When a price revises a high-volume area, the reaction is usually more weighted. An escape from that area can bring new impetus. Conversely, the rejection of another can entrap and strengthen selling among the late buyers. Hence, the major upside checkpoint is the low-93 area.
Any move above that ceiling would break into a run in the mid-to-upper 90s. This kind of rally would probably need to have better market sentiment and less turbulent DeFi. Moreover, SOL would have to maintain pulled-back support levels during any pullback. A breakout might not last long without that follow-through.
The alternative remains simpler and more immediate. If the Solana price cannot build above the nearby resistance, sellers may regain control. In that case, the market may revisit the mid-$80s first and then challenge $80. That downside path fits the current caution seen across crypto.
Solana Fundamentals Support Price Amid Pressure
Though the recent weakness is present, the underlying Solana has provided strengths in certain areas. As of the first quarter of 2026, the network had transacted 1.1 trillion. It also carried out 25.3 billion transactions and 3.78 million daily active addresses. Those figures indicate that there is continued high usage despite price turbulence.

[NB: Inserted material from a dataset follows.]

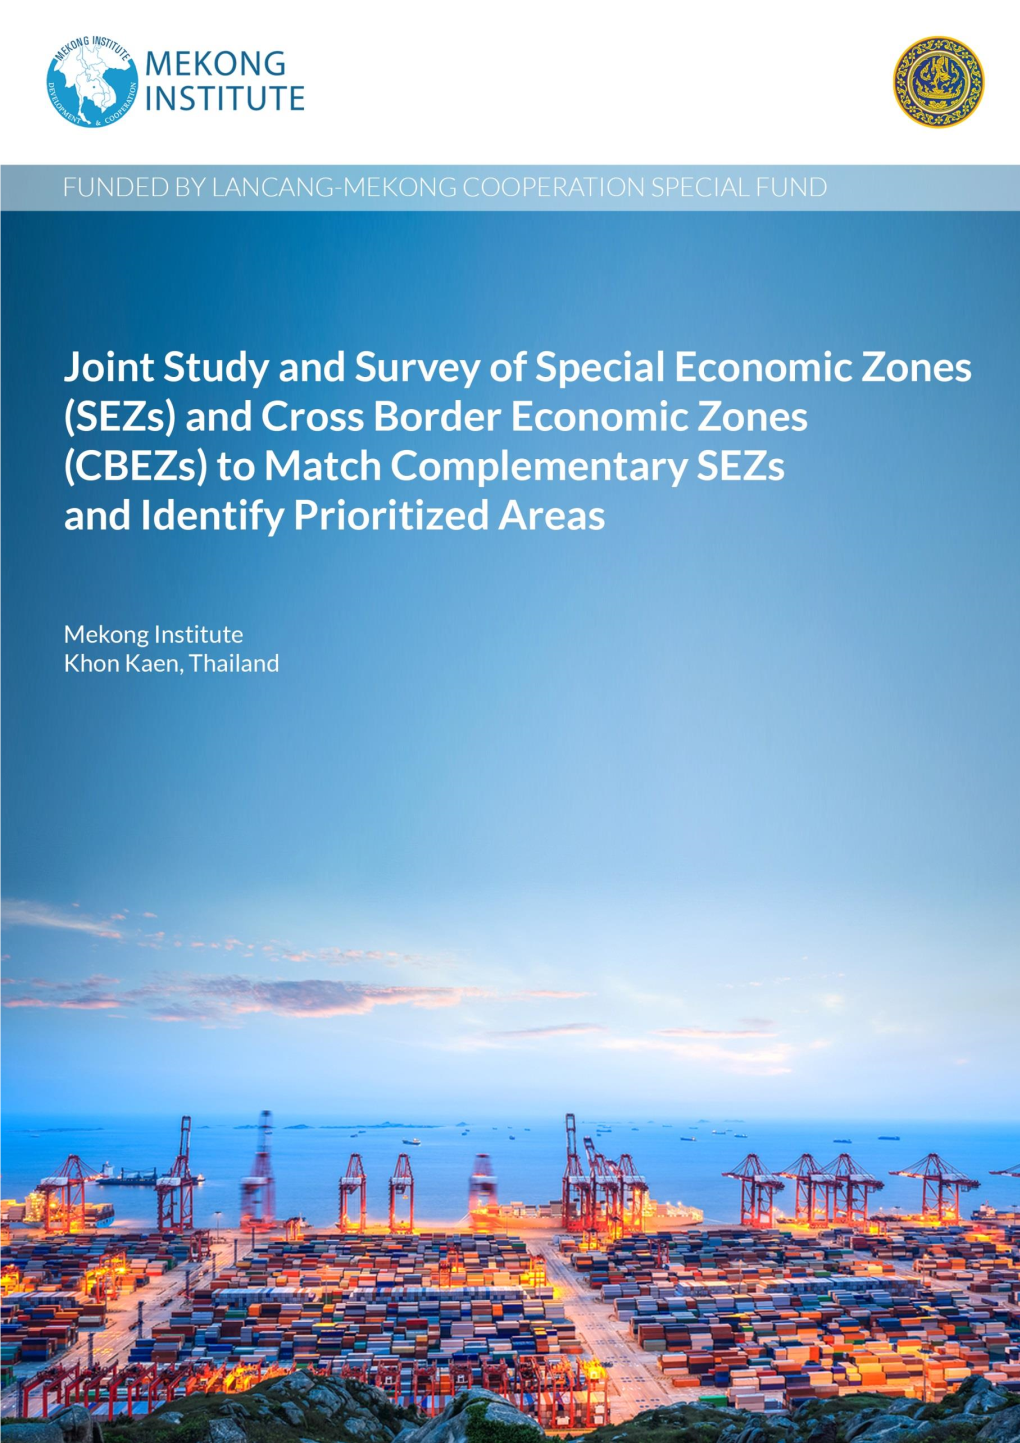 And Cross Border Economic Zones (Cbezs) to Match Complementary Sezs and Identify Prioritized Areas

ETF flows also provide support for the broader Solana story. Spot SOL ETF cumulative net inflows moved above $1 billion. Additionally, the week ending April 17 brought in $35.17 million, which marked the strongest weekly intake since February. That demand does not erase current risks, but it does show durable market interest.
Still, strong fundamentals do not always protect price in the short term. Markets often react first to liquidity shocks, macro fear, and leveraged positioning. Solana price now sits at the intersection of all three. Hence, traders may keep favouring caution until the chart improves.
Final Take
For now, the market has a clear framework. Support sits around $83 to $84, while resistance begins near $84.91 and strengthens toward $86.15 and $87.16. Above that, the low-$93 zone remains the larger breakout barrier. Below that, a loss of $83 could expose the Solana price to a swift move toward $80.